The traditional reading of 1 Kings 19 makes it the story of Elijah’s trip to Mt. Horeb to renew his commission as a prophet. There are, however, significant indications that rather than renewing his commitment, Elijah goes to resign it. Interestingly enough, the GD lesson manual also takes the later approach, at least insofar as it admits that Elijah is “discouraged” and in need of comfort (p. 137).

The story of Elijah’s journey is divided into individual sections by the report of a series of movements in vv. 4, 8, 19, and 21b. The story opens in Ahab’s Samarian capital, Jezreel. Despite the overwhelming defeat of Baal and his prophets in chapter 18, Jezebel still feels bold enough to threaten Elijah and Elijah still feels vulnerable enough to flee with his servant.

His flight is related with a series of verbs that reflect breathless haste: “he feared, rose, and fled.” The next geographical marker is Beersheba. Leaving his servant there, Elijah continues another day’s journey into the wilderness. Elijah has fled from the north to the south, from civilization to the wilderness, and from human companionship to solitude. That’s not a good sign in anybody, and it’s especially ominous in a prophet.

Once out in the wilderness, Elijah stops moving and sits under one broom tree. A broom tree is not really a tree, but a bush, and it does not normally occur in isolation. In this seclusion, Elijah prays “Enough! Now, Lord, take my life! For I am no better than my fathers.” Elijah, it seems, has also made a spiritual journey. He’s deep in himself, quite a distance from the prophet who intervened on behalf of the widow’s son, or who stood to reclaim Israel on Mt. Carmel.

Elijah’s disillusionment is easy to understand. After the victory on Mt. Carmel, Ahab’s indifference and Jezebel’s continuing threats suggest that his efforts will have little or no lasting impact on the people they lead. His final words, however, are more puzzling. What did Elijah mean by motivating his request to die with a phrase indicating that he is “no better than his fathers?”

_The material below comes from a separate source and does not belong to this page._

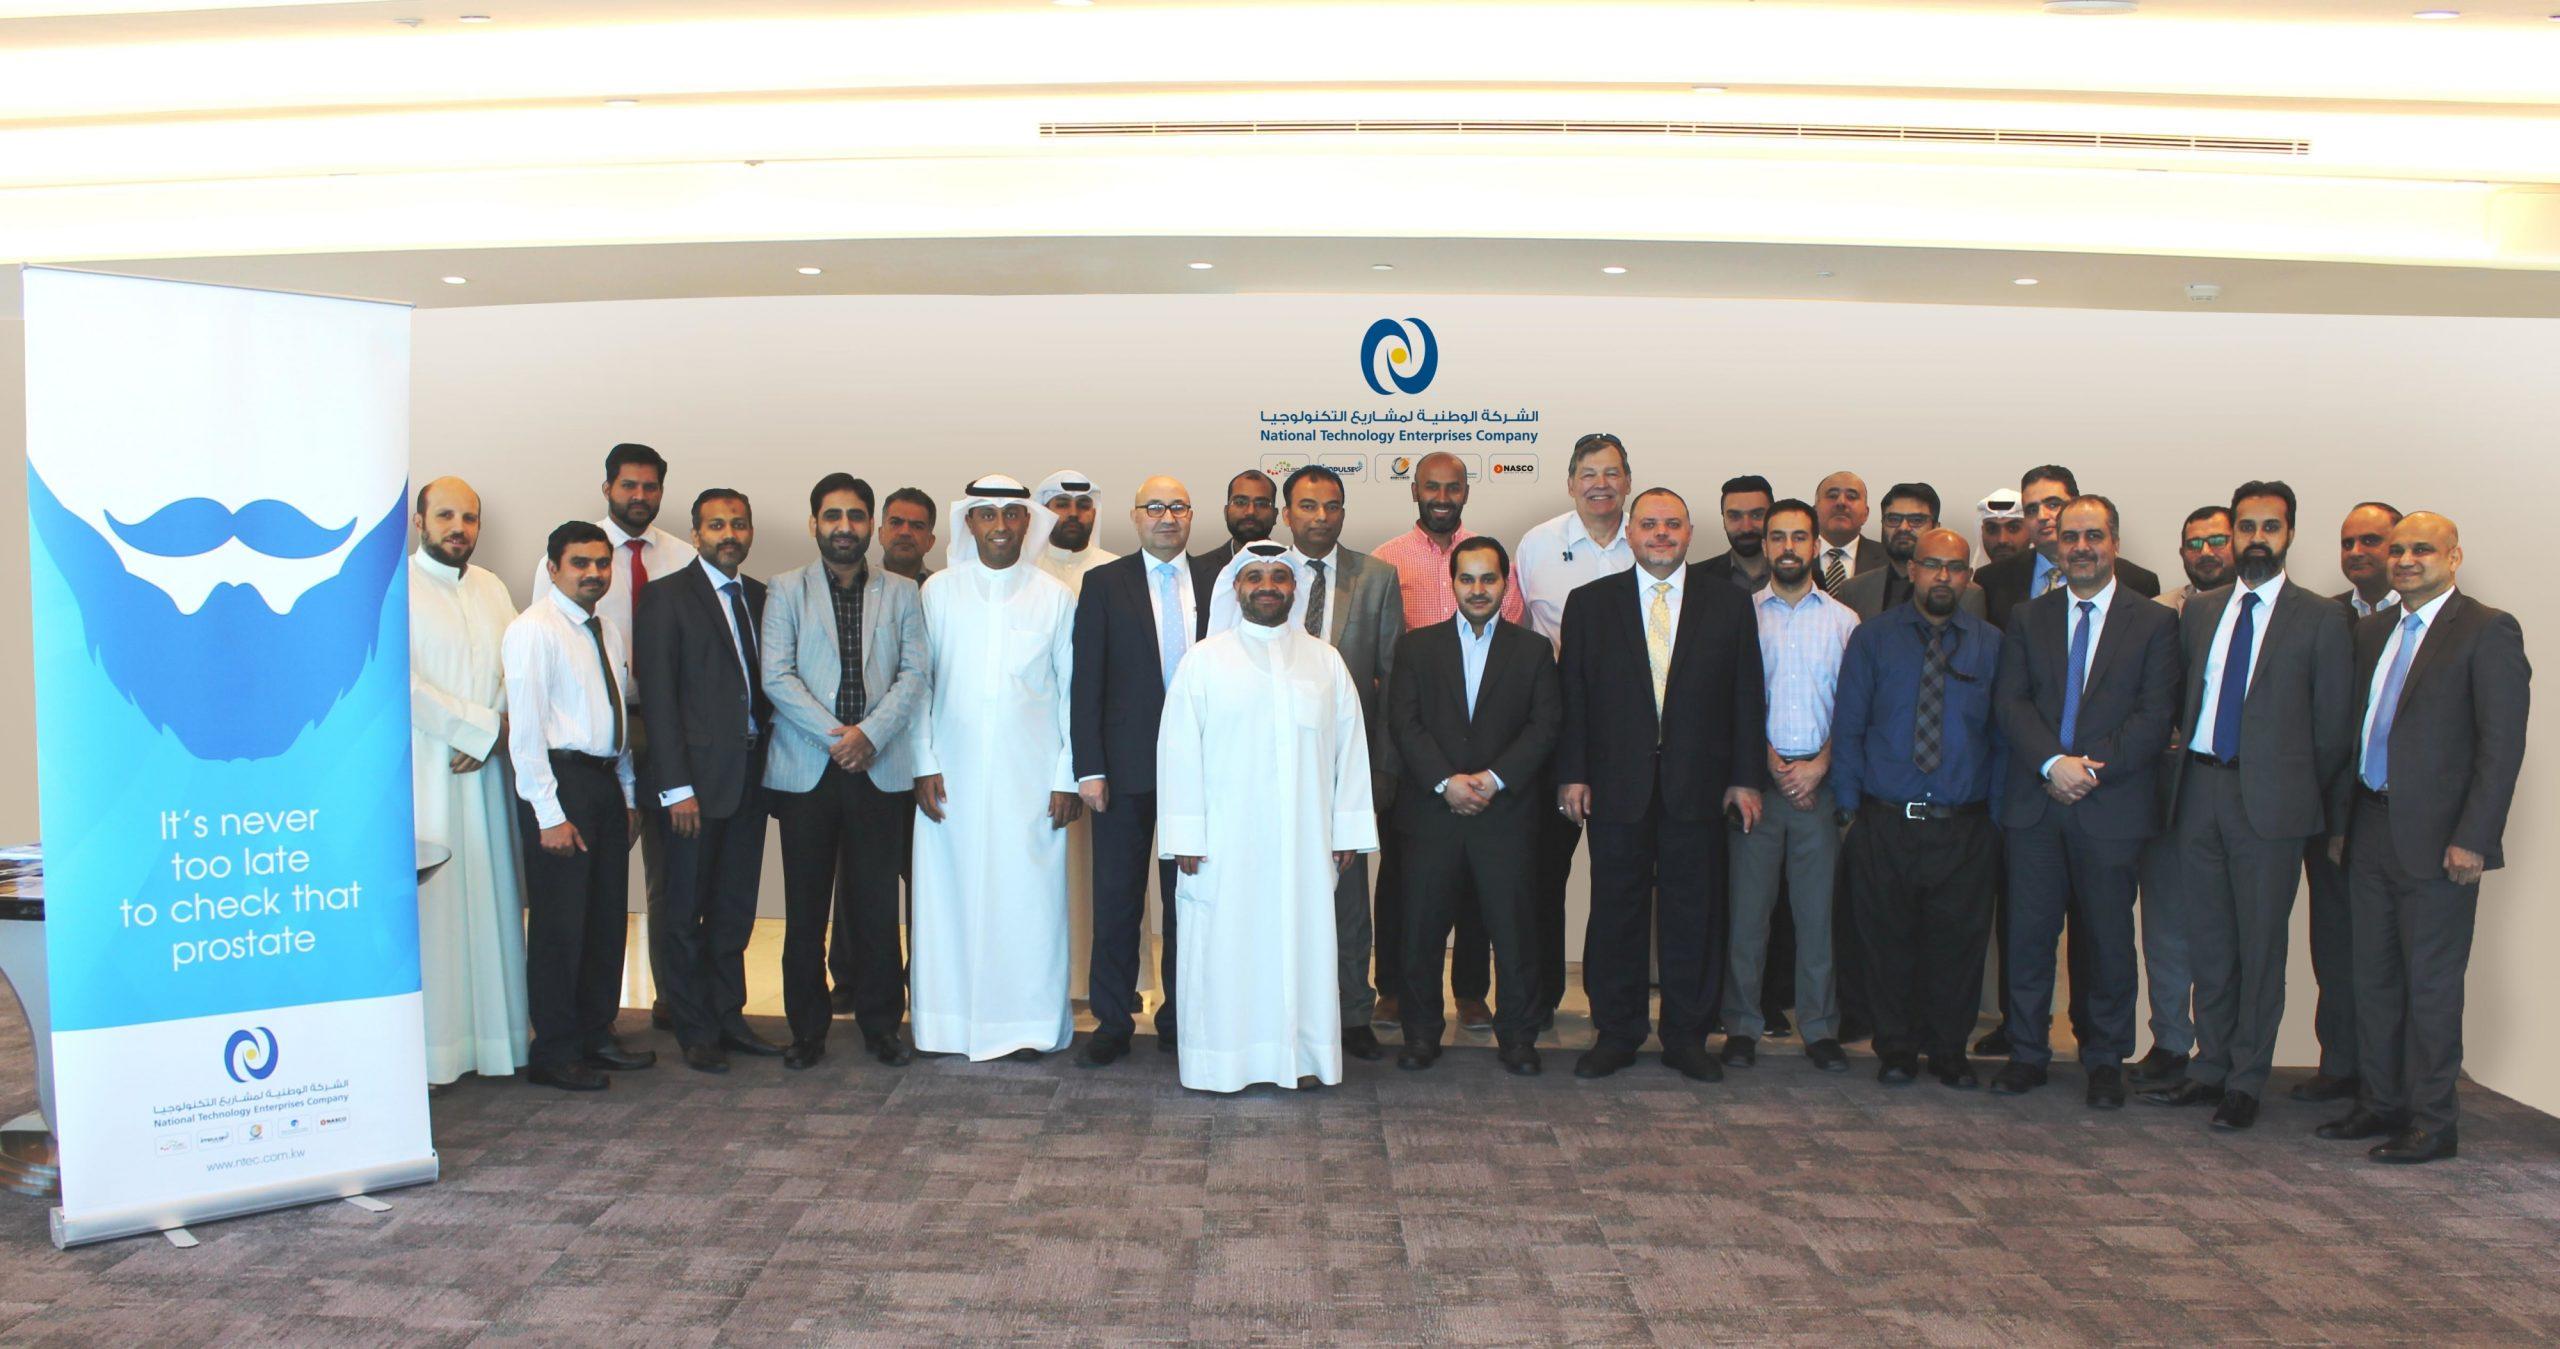 National Technology Enterprises Company holds a Prostate Cancer Awareness Seminar

This expression is probably best read as a challenge to God. God expected Elijah to single-handedly turn both king and nation to repentance. Elijah’s failure is really God’s because God has asked too much of him. If God acts on Elijah’s petition, Elijah is free of his burden and God has admitted his demands were too great. If God does not take Elijah’s life, then he must address Elijah’s concerns and get more involved in dealing with Israel. In either case, Elijah is absolved of responsibility for the situation.

Having settled things to his satisfaction, Elijah lays down and sleeps – under “one broom tree,” naturally!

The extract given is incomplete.